La question qui fâche reste entière : cette “édition anniversaire” sera-t-elle gratuite pour les possesseurs du jeu ? Bethesda reste muet sur le sujet. Et quand une entreprise garde le silence à ce point sur la question du prix, c’est rarement bon signe. Les joueurs, eux, oscillent entre résignation et sarcasme : après tout, ils ont l’habitude. Ceux qui ont déjà acheté Fallout 4 trois fois se demandent si cette nouvelle version leur offrira, au moins, le droit de la racheter une quatrième.

Bethesda maîtrise à la perfection cet art du recyclage souriant : celui qui consiste à remercier la communauté tout en lui facturant sa fidélité. Derrière le vernis des célébrations, on retrouve le même moteur, la même interface, la même poudre aux yeux — et trop souvent, les mêmes bugs. Dix ans après, Fallout 4 revient donc sur le devant de la scène.

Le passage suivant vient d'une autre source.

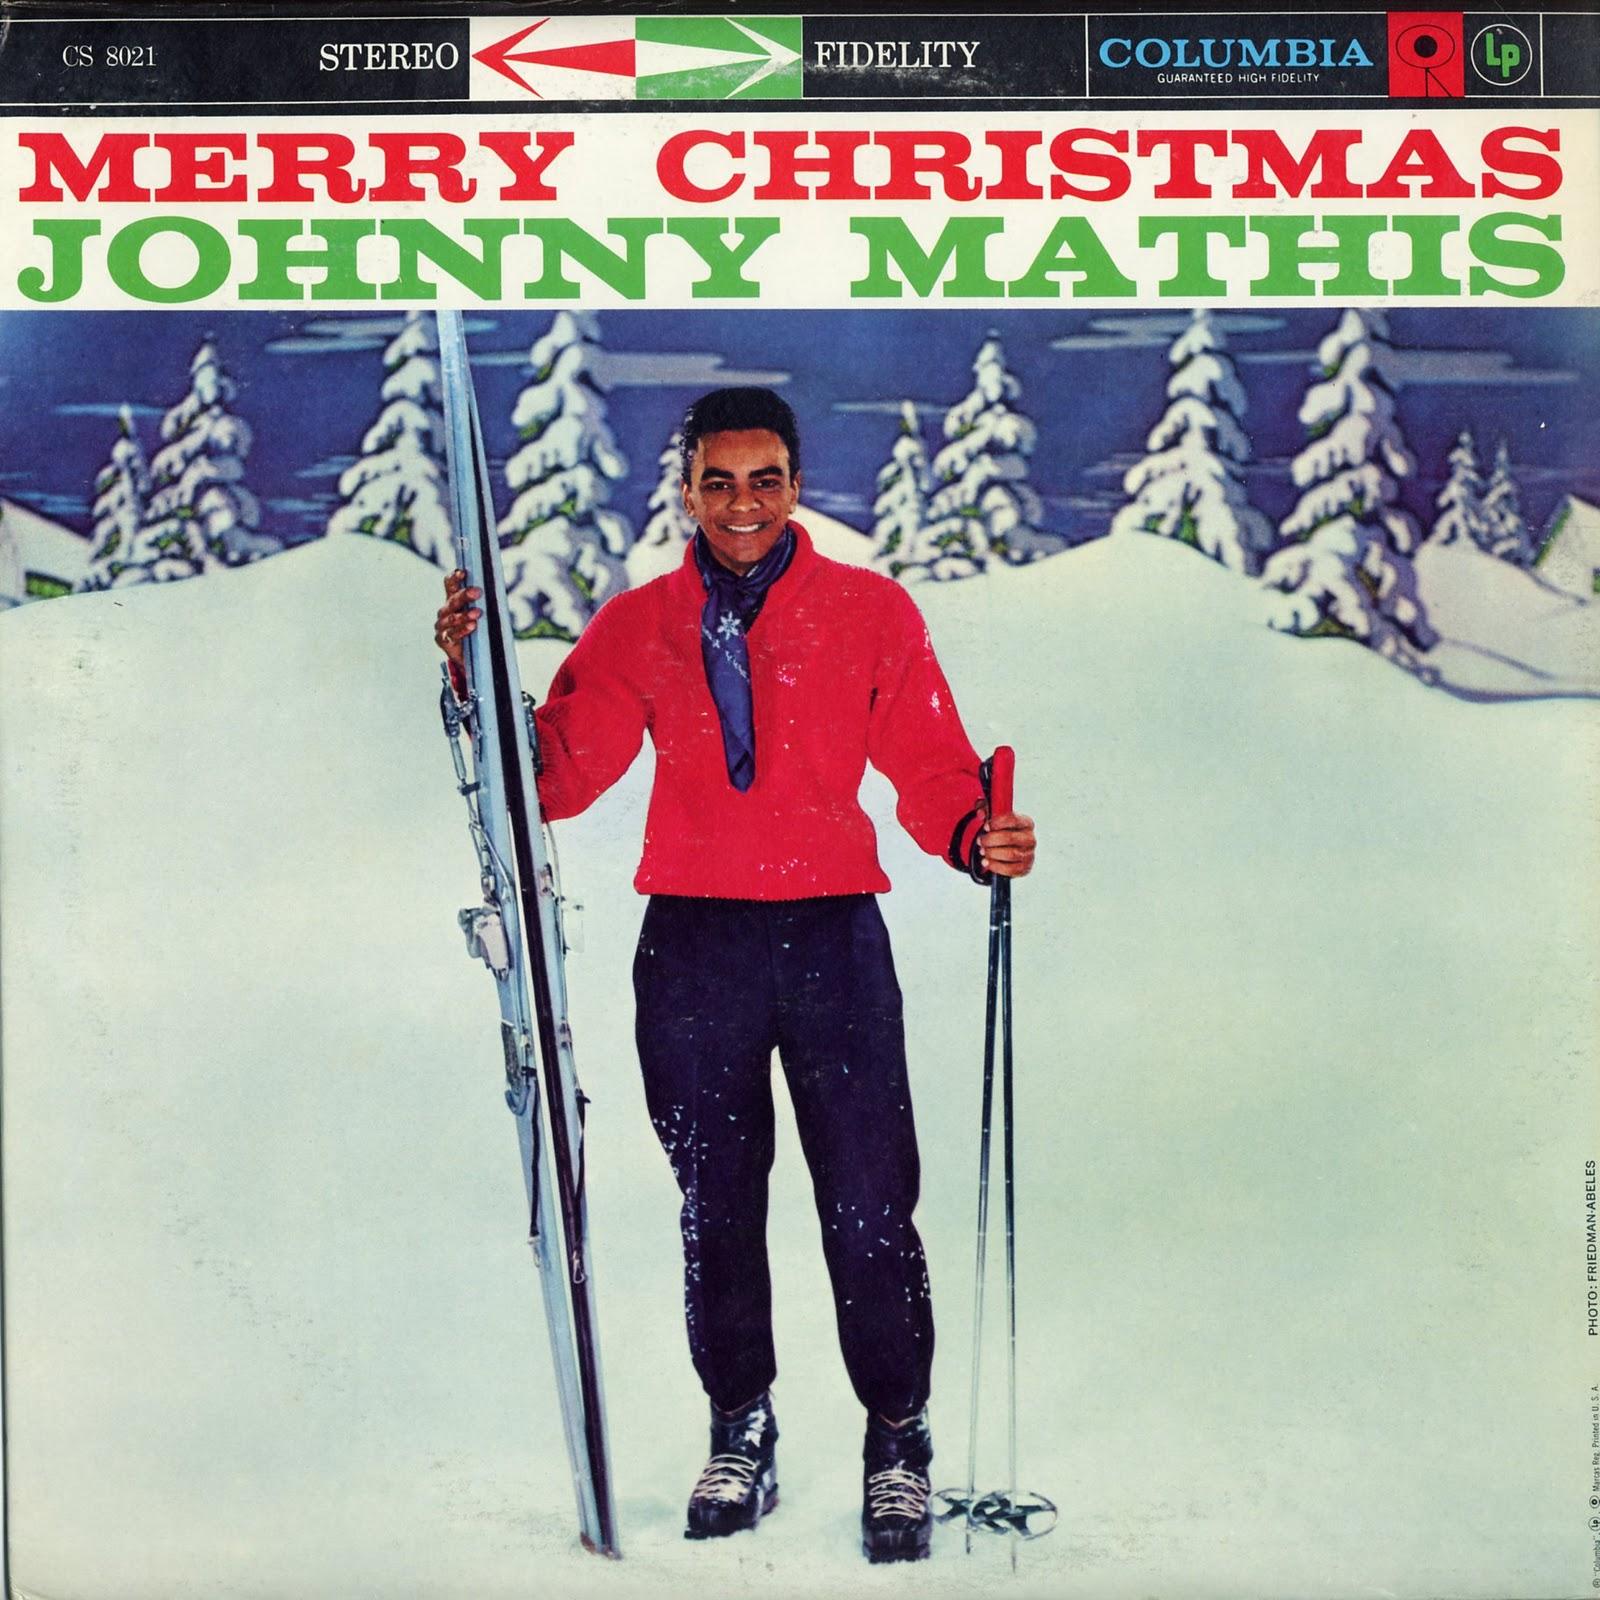 Johnny Mathis Christmas Albums

Pas grâce à une innovation technique ou artistique, mais grâce à une stratégie simple : ne jamais rien laisser mourir, tant qu’il reste quelques fans prêts à repasser à la caisse.

Finalement, ce Fallout Day 2025 aura au moins une vertu : celle de rappeler que chez Bethesda, la fin du monde est peut-être pour demain, mais la fin des rééditions… jamais.

 

 

Avec un sourire amer, on peut rappeler que ce Fallout Day était largement attendu par les fans, tant pour l’annonce d’un Fallout 5 que du remake de Fallout 3, deux projets sur lesquels les spéculations – et espoirs – vont bon train.

Mais comme nous l’avons vu de nombreuses fois avec Skyrim, Todd Howard et ses cadres préfèrent revivre et ressortir le passé pour en presser le moindre profit, quitte à salir l’héritage d’une licence de RPG autrefois si iconique.